Sie haben das Recht zu schweigen. Henryk M. Broders Sparring-Arena

Henryk M. Broder

24.11.2009   20:25   +Feedback

Leben mit und ohne Stau

Die Fahrt von Pune nach Mumbai dauert etwa drei Stunden. Eine Stunde, um aus Pune rauszukommen, eine Stunde für die Fahrt übers Land, eine Stunde, um nach Mumbai reinzukommen. Man fährt über eine Passtrasse, zuerst rauf und dann runter. Eine Bergrallye in den Pyrenäen ist dagegen eine Übung für Rollstuhlfahrer. Die Strasse ist extrem kurvig und eng, die Fahrer lassen es krachen. Janjeev hat seine eigene Technik. Statt zu bremsen, wenn ein Laster vor ihm auftaucht, gibt er Gas, fährt dicht auf, hupt und schaltet das Fernlicht an; etwa einen halben Meter vor dem feindlichen Objekt zieht er nach links oder rechts rüber, genau in die Lücke zwischen dem Laster vor ihm und dem Laster hinter ihm.

Ich sage „Matka boska czestochowska“ und schwöre, dass ich an das Grab des Rabbi von Bratzlav pilgern werde, wenn ich diese Fahrt überlebe. Janjeev macht sich eine Zigarette an und steuert mit den Knien.

Mumbai um Mitternacht ist so, wie Dante sich die Hölle vorgesellt hat. Nach amtlichen Angaben sollen 15 Millionen in der Stadt leben, es müssen dreimal so viele sein. Tausende von Taxis und Motorrikschas machen sich die Strasse streitig, Menschen campieren unter Brücken, kaputte Lastwagen stehen quer auf der Fahrbahn. Ich frage mich, wie es die Attentäter vom 26.11.2008 geschafft haben, in diesem Chaos an ihre Einsatzorte zu kommen.

Dann endlich das erste erlösende Zeichen: Mumbai International Airport. Es ist, als würde ein Schild bei Duisburg sagen: nach Dortmund rechts abbiegen. Der Verkehr wird immer dichter, die Luft immer stickiger. Wenn die Grünen einen ihrer Parteitage hier abhalten würden, würde es sogar Claudia Roth die Stimme verschlagen.

An der Zufahrtstrasse zum Flughafen geht dann nichts immer.
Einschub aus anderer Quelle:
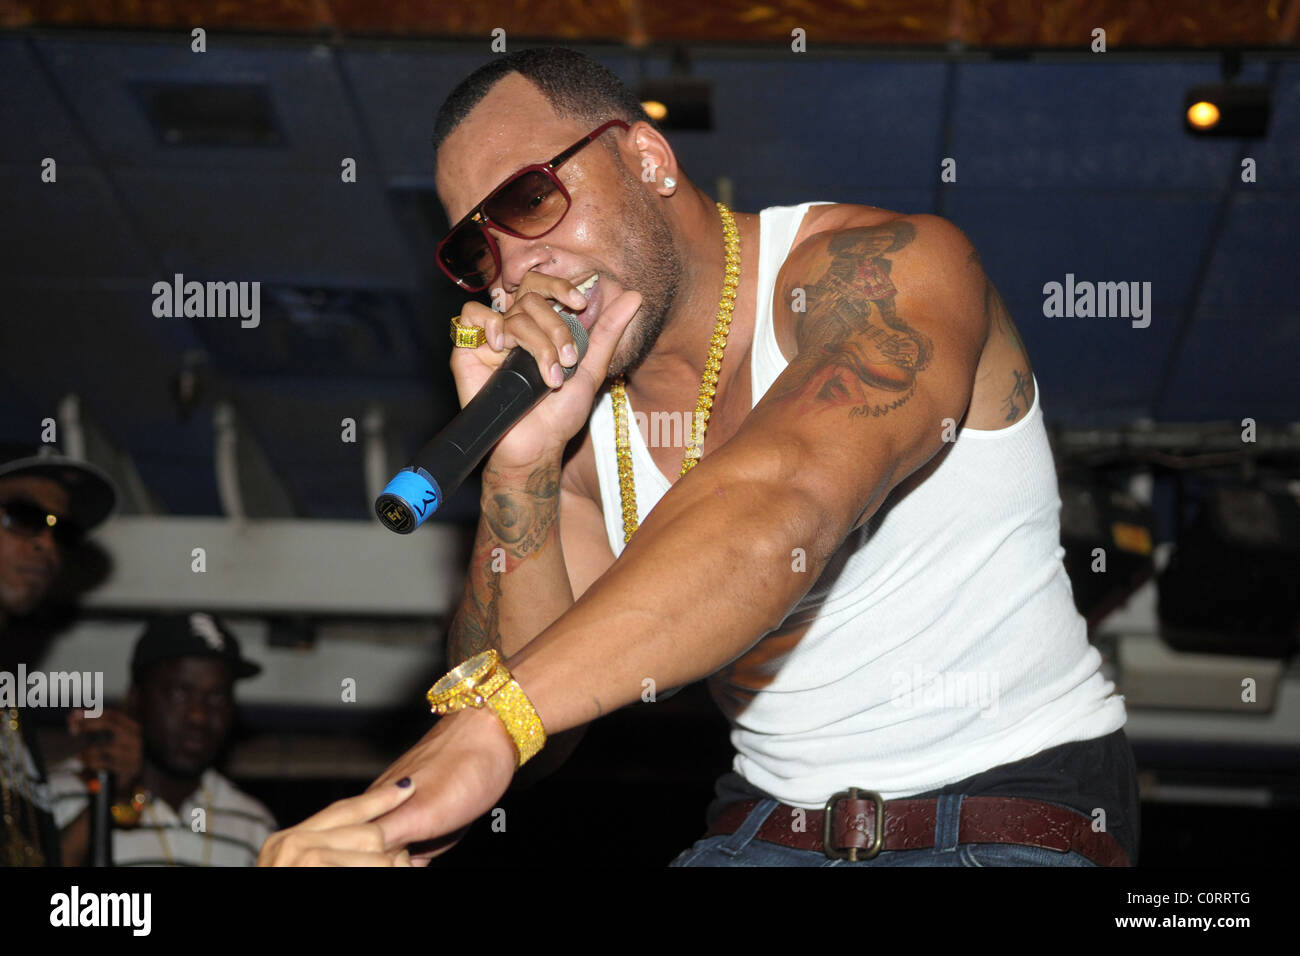 Flo-Rida performing at 'Power 96 Presents: The World's Largest Office Christmas Party' at Cafe Iguana Pines. Davie, Florida - Stock Photo

Der Verkehr wird von drei Spuren auf eine verengt. Bevor wir das Nadelöhr erreichen, schleichen wir an großen Schildern vorbei: „Save Energy!“ Janjeev nimmt die Aufforderung wörtlich. Er stellt den Motor ab, steigt aus und macht die Motorhaube auf. In aller Ruhe wechselt er eine Sicherung aus und füllt Wasser in den Kühler nach. Mich wundert nichts mehr. Nicht einmal, dass rechts und links Taxen an uns vorbei rollen, die von den Passagieren geschoben werden, während die Fahrer sich an das Lenkrad klammern.

Die letzten 300 Meter sind die schlimmsten, ein Kampf aller gegen alle, so muss es damals zugegangen sein, als die Plätze für die Arche Noah vergeben wurden.

Endlich am LH-Schalter angekommen, lasse ich mich upgraden und gehe in die Business-Lounge. Diesen kleinen Luxus habe ich mir hart erarbeitet. Neben mir sitzt ein älterer Inder. Er kommt mir irgendwie bekannt vor. „Gestern abend, auf dem Dachgarten im Hotel O“, sagt er und erzählt mir dann, dass er sieben Stunden unterwegs war, weil sein Fahrer sich in Mumbai verfahren hatte. Da habe ich ja noch mal Glück gehabt.